The goal of this project is to provide a way to generate highly metamorphic assembly code using machine learning and recurrent neural networks.
Results have shown potential but are highly state-of-the-art and shouldn't (can't) be used in production code.
See the following post for more information.
- gdb-python27
- R >= 3.2
- purrr
- magrittr
- optional
- dplyr
- reshape2
- ggplot2
- jsonlite
- binaryLogic
- stringr
- tidyr
- python >= 3.5
- numpy
- pandas
- tensorflow
- keras > 2.0
- CUDA > 9.1 and cuDNN are recommended for training the recurrent network
First, GDB need to parse programs to build a dataset containing sequences of x86 instructions with their associated effect on the state of a program.
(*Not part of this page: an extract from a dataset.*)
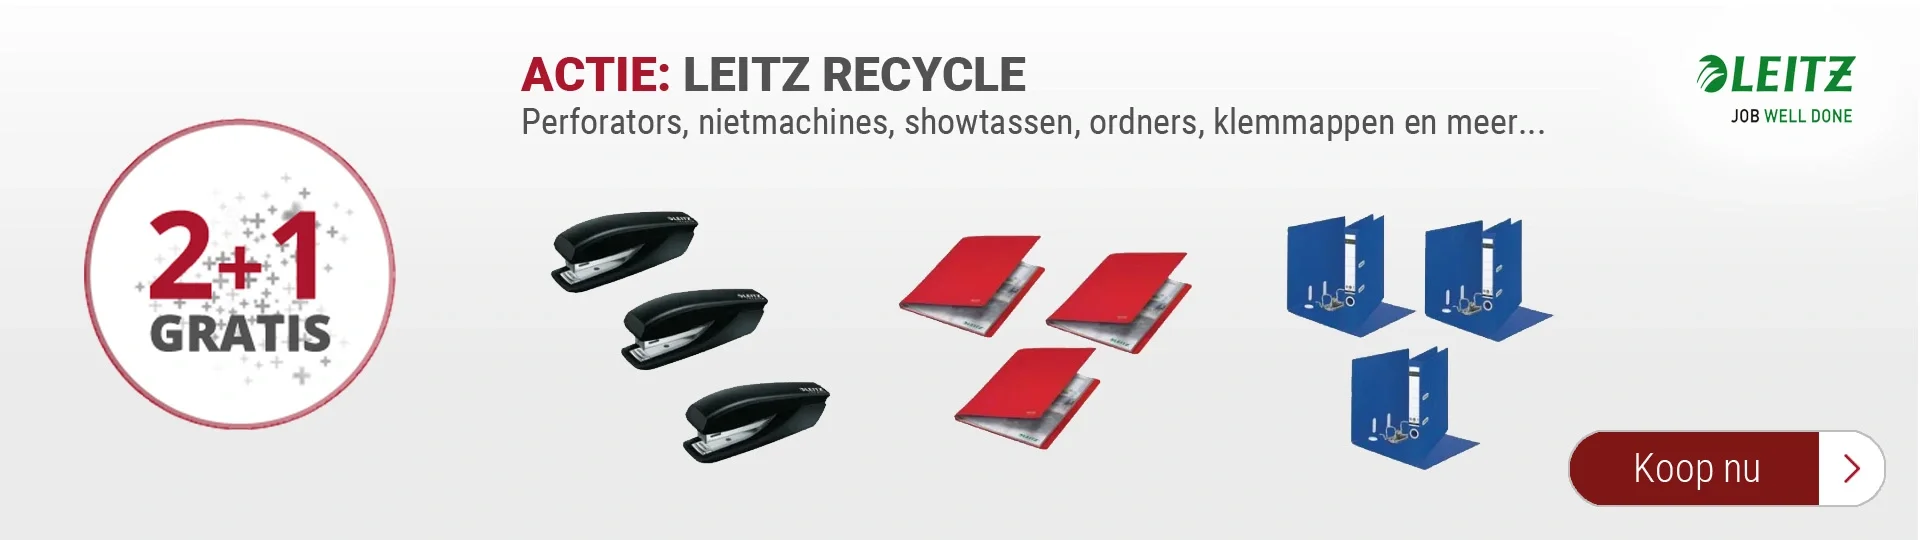 Leitz recycle 2+1 gratis| oxeurope.nl

Hence, you need to edit gdb/food-for-extractor.txt
and provide paths to x86 executables compiled with debugging symbols. x86-64 programs, ELF executables, and any bytecode-compiled programs (Java, .NET...) are out of scope for this study.
Then, cd
into the gdb
folder and execute the following command:
gdb-python27 -x deepmm-extract.py
The deepmm-extract.py
script will process all the files you provided and store the result of its analysis into the extracted
folder.
For information, the dataset that was used to train the weights in the models/
folder was made using the analysis of the following programs:
- Audacity
- dvd+rw suite
- gdb
- GIMP
- mp3split
- OllyDbg
- SpaceSniffer
At this step, the dataset is unstructured. We must use R to transform it into a consistent dataset.
Go into the data_analysis/
folder and run deepmm-data-analysis.R
.
This will output 3 files: dimensions.csv.gz
, input.csv.gz
and output.csv.gz
. You need to extract them before training the network. Those can be large of several gigabytes.
You need to run training/deepmm-train.py
, which expect to find dimensions.csv
, input.csv
and output.csv
in the data_analysis
folder. By default, it will load the dataset chunk by chunk, use a batch size of 32 sequences, keep 10% of the data for validation and run 64 epochs.
It will output 3 model files into models/
once trained.